According to a recent national survey by Fabrizio, McLaughlin & Associates, Bush has a slight lead over Kerry in an unweighted poll. But if you weigh the minority vote to the turnout shown in the 2000 exit polls, Kerry has over a 3% lead. This, among other factors, has lead a number of people in the left blogoshere to level charges that the Republicans are engaged in a campaign to suppress minority voting.
“Come on,” you may be thinking. “This is 2004. America abandoned those kind of practices decades ago.”
Have we?
A secret document obtained from inside Bush campaign headquarters in Florida suggests a plan – possibly in violation of US law – to disrupt voting in the state’s African-American voting districts, a BBC Newsnight investigation reveals.
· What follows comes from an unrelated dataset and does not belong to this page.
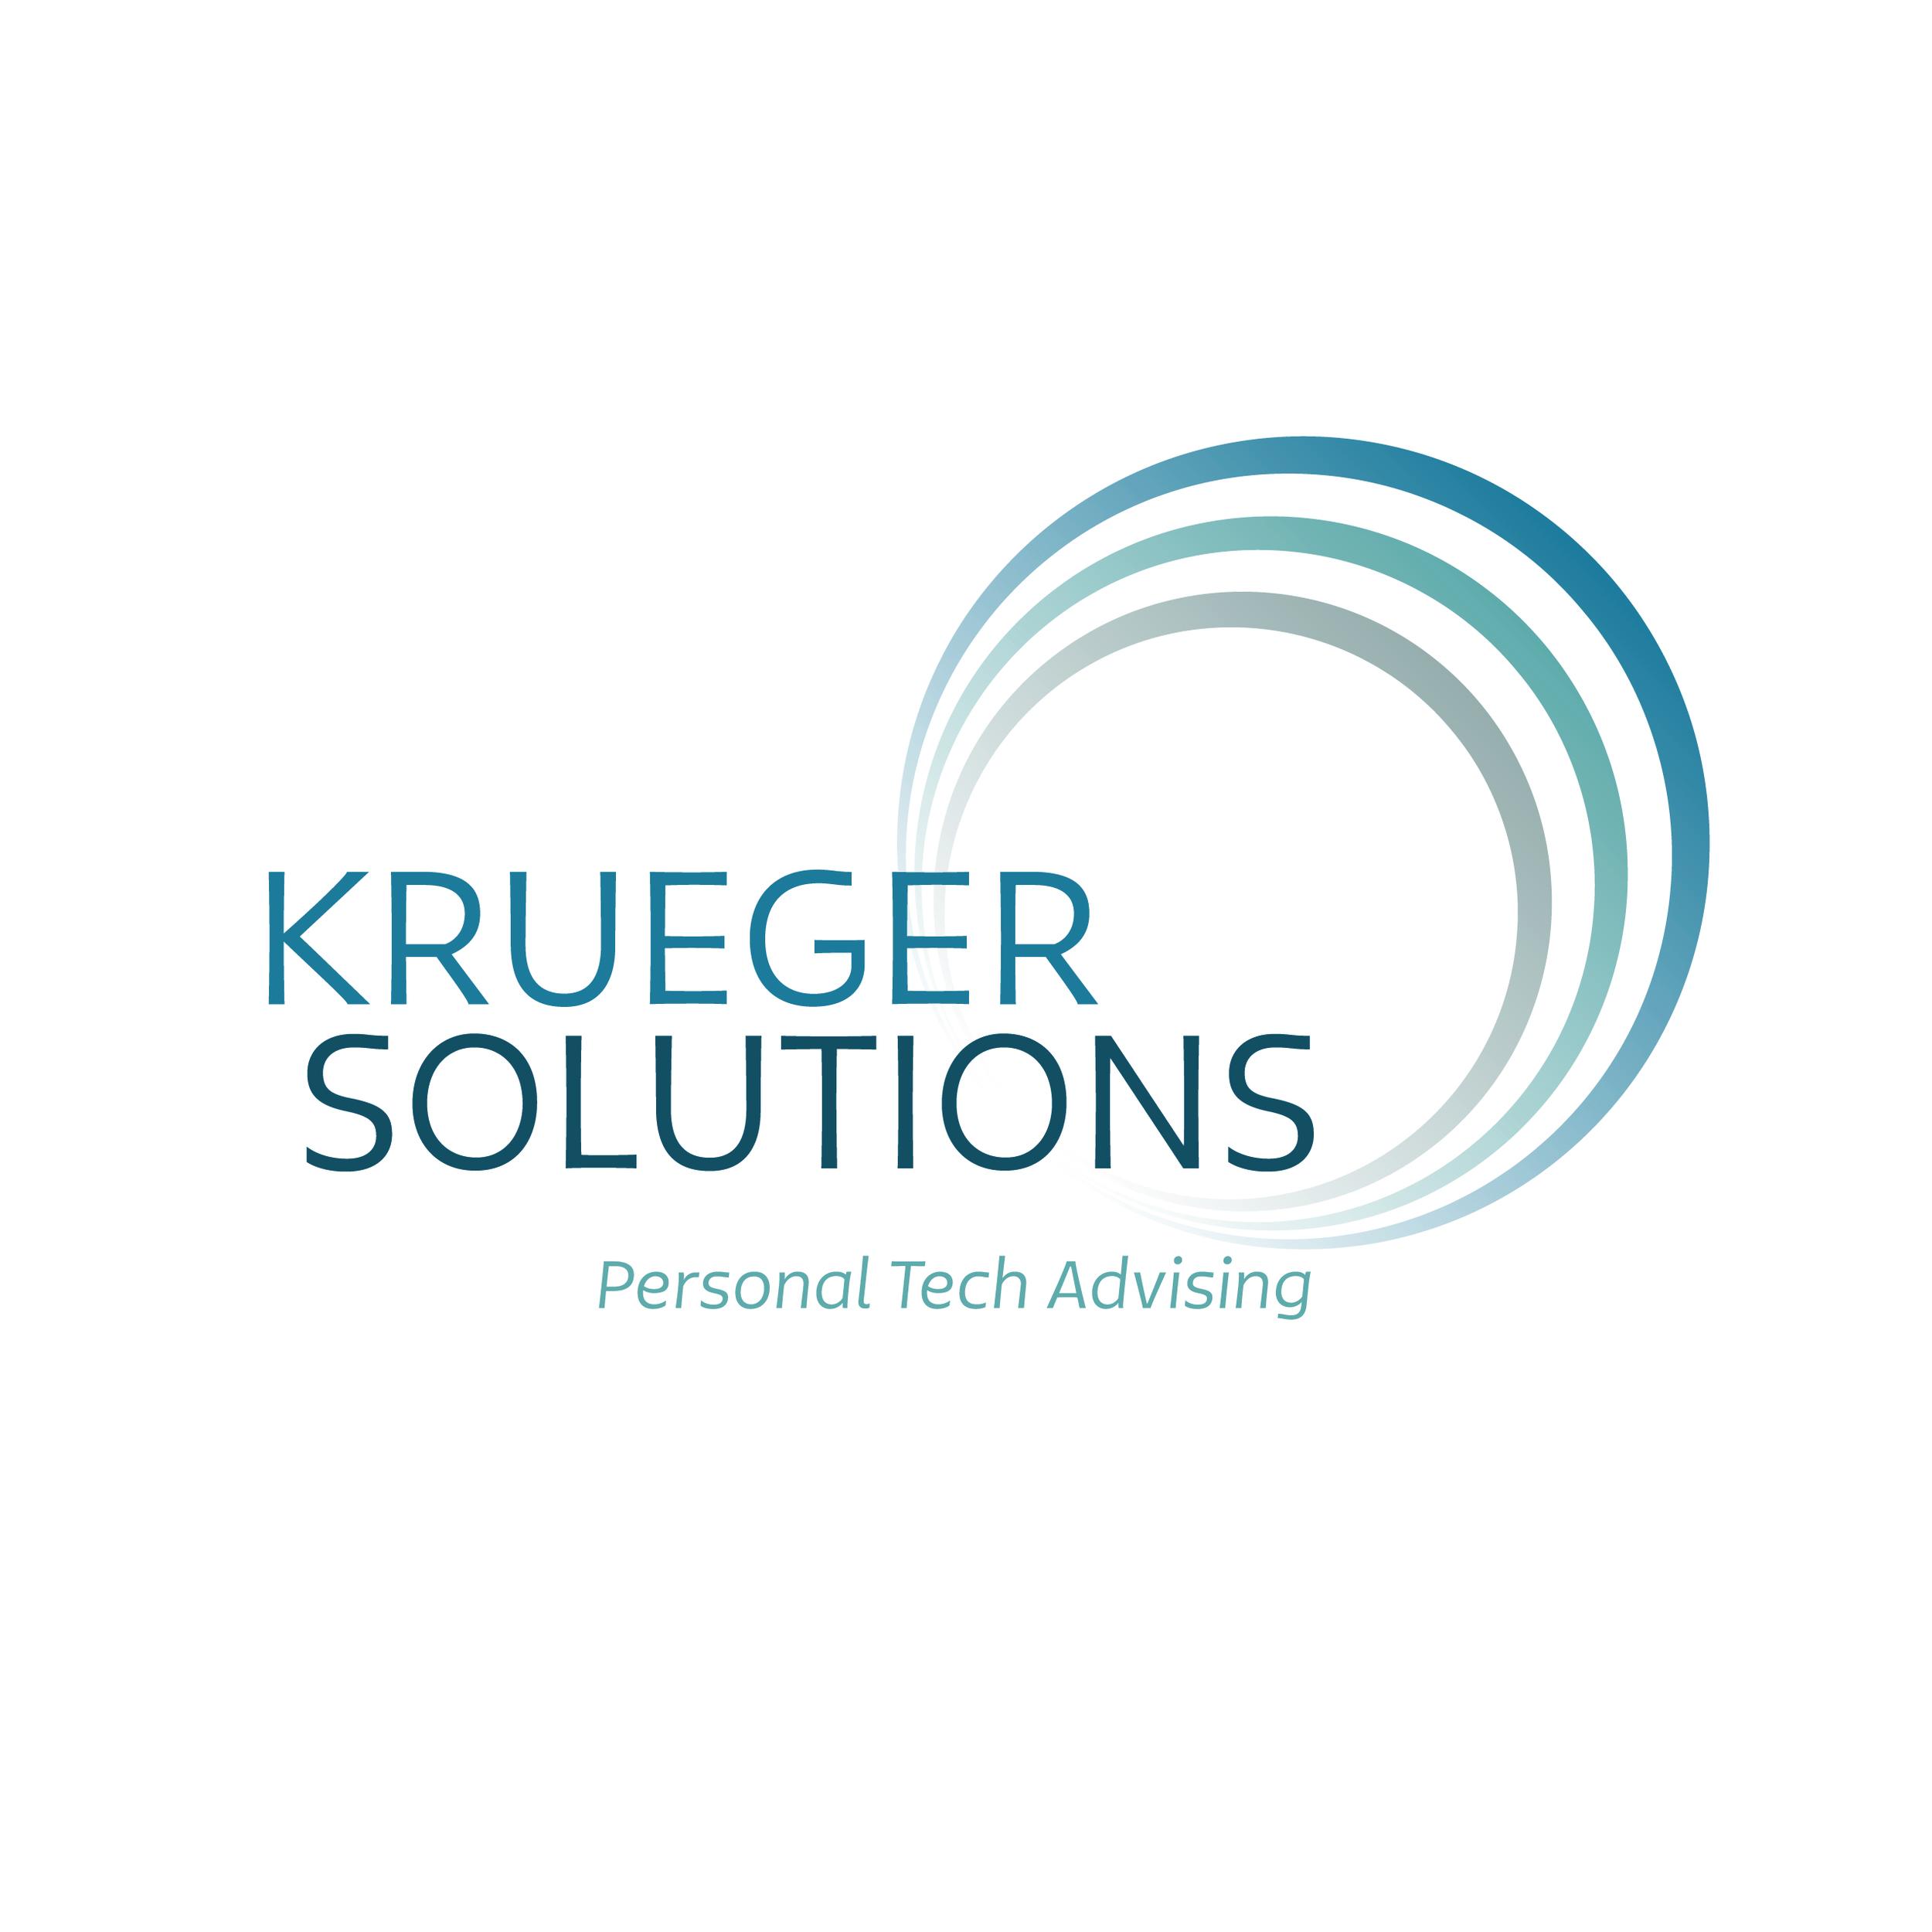 KruegerSolutions_CMYK.jpg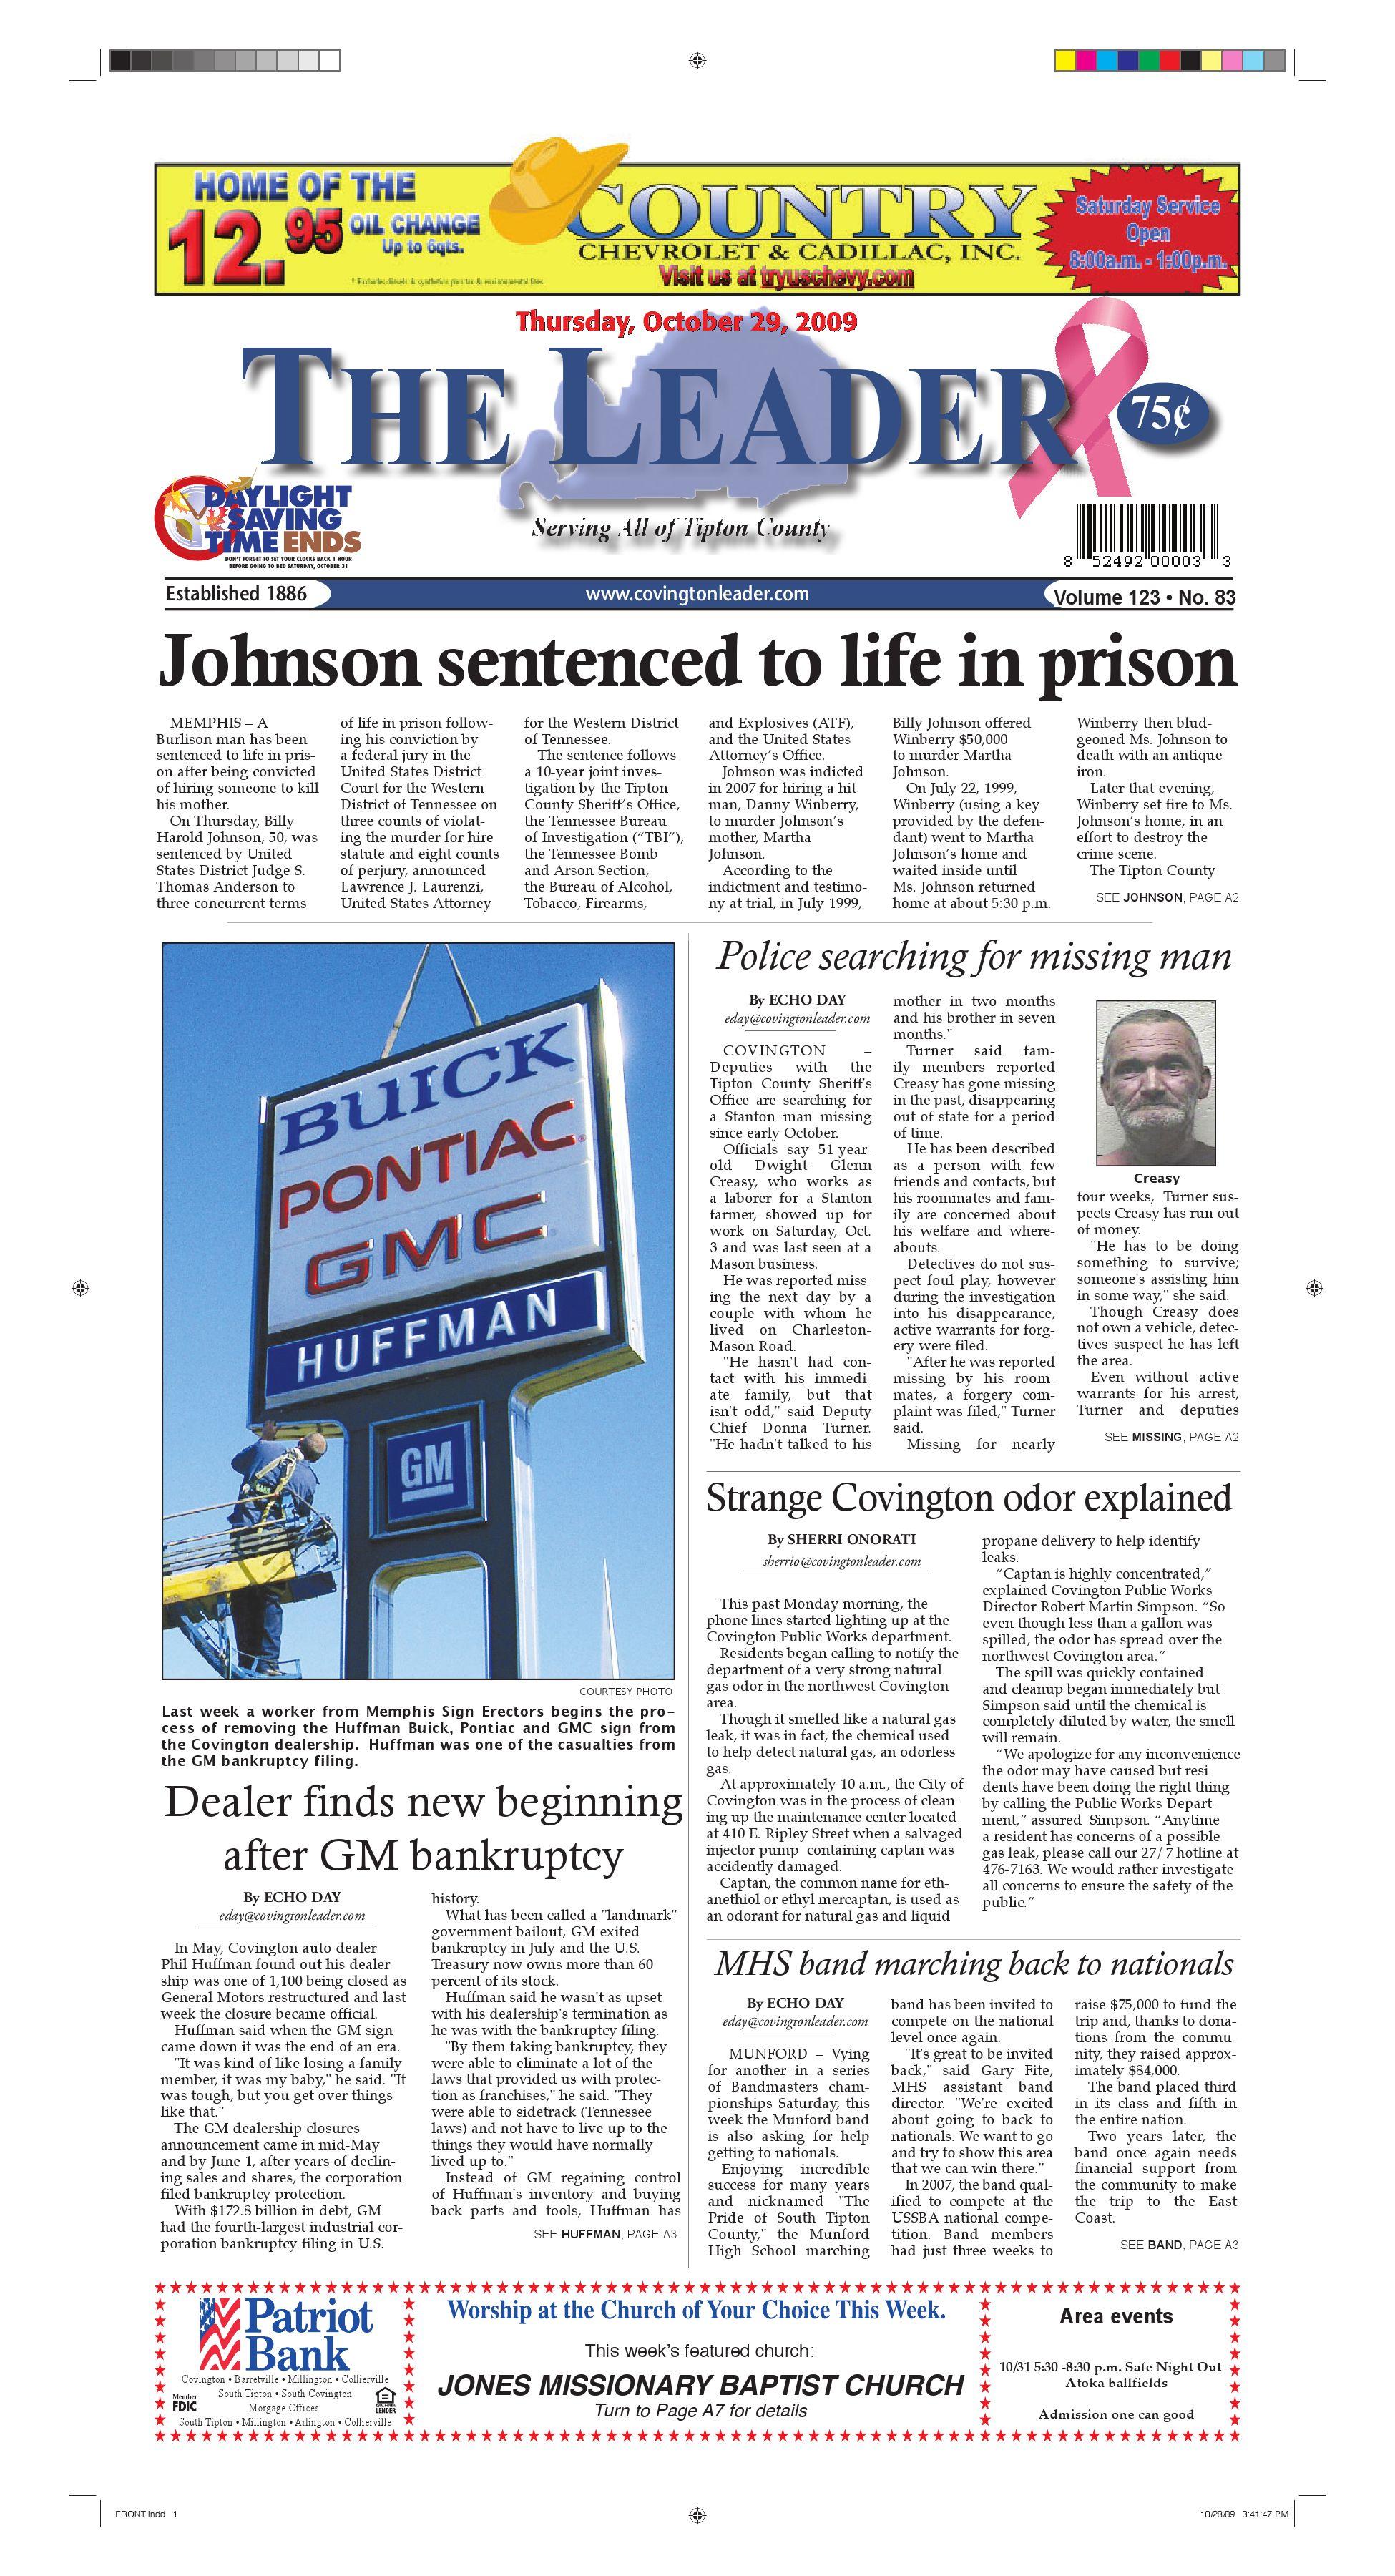 shiloh by bobby anne mason essay It was an important battle in the tide of response to bobbie ann mason shiloh what strikes shea bridenbeck english 133-05 shiloh essay 3/11/11 shiloh essay.

Two e-mails, prepared for the executive director of the Bush campaign in Florida and the campaign’s national research director in Washington DC, contain a 15-page so-called “caging list”.
It lists 1,886 names and addresses of voters in predominantly black and traditionally Democrat areas of Jacksonville, Florida.
An elections supervisor in Tallahassee, when shown the list, told Newsnight: “The only possible reason why they would keep such a thing is to challenge voters on election day.”
So what are national Bush/Cheney campaign people doing with Jacksonville voter lists?
The one good thing about this election–in contrast to 2000–is that there’s going to be a boatload of people monitoring the polls during the election, not just after the fact. It’s going to be more difficult for the vote suppressors to get away with doing their dirty work.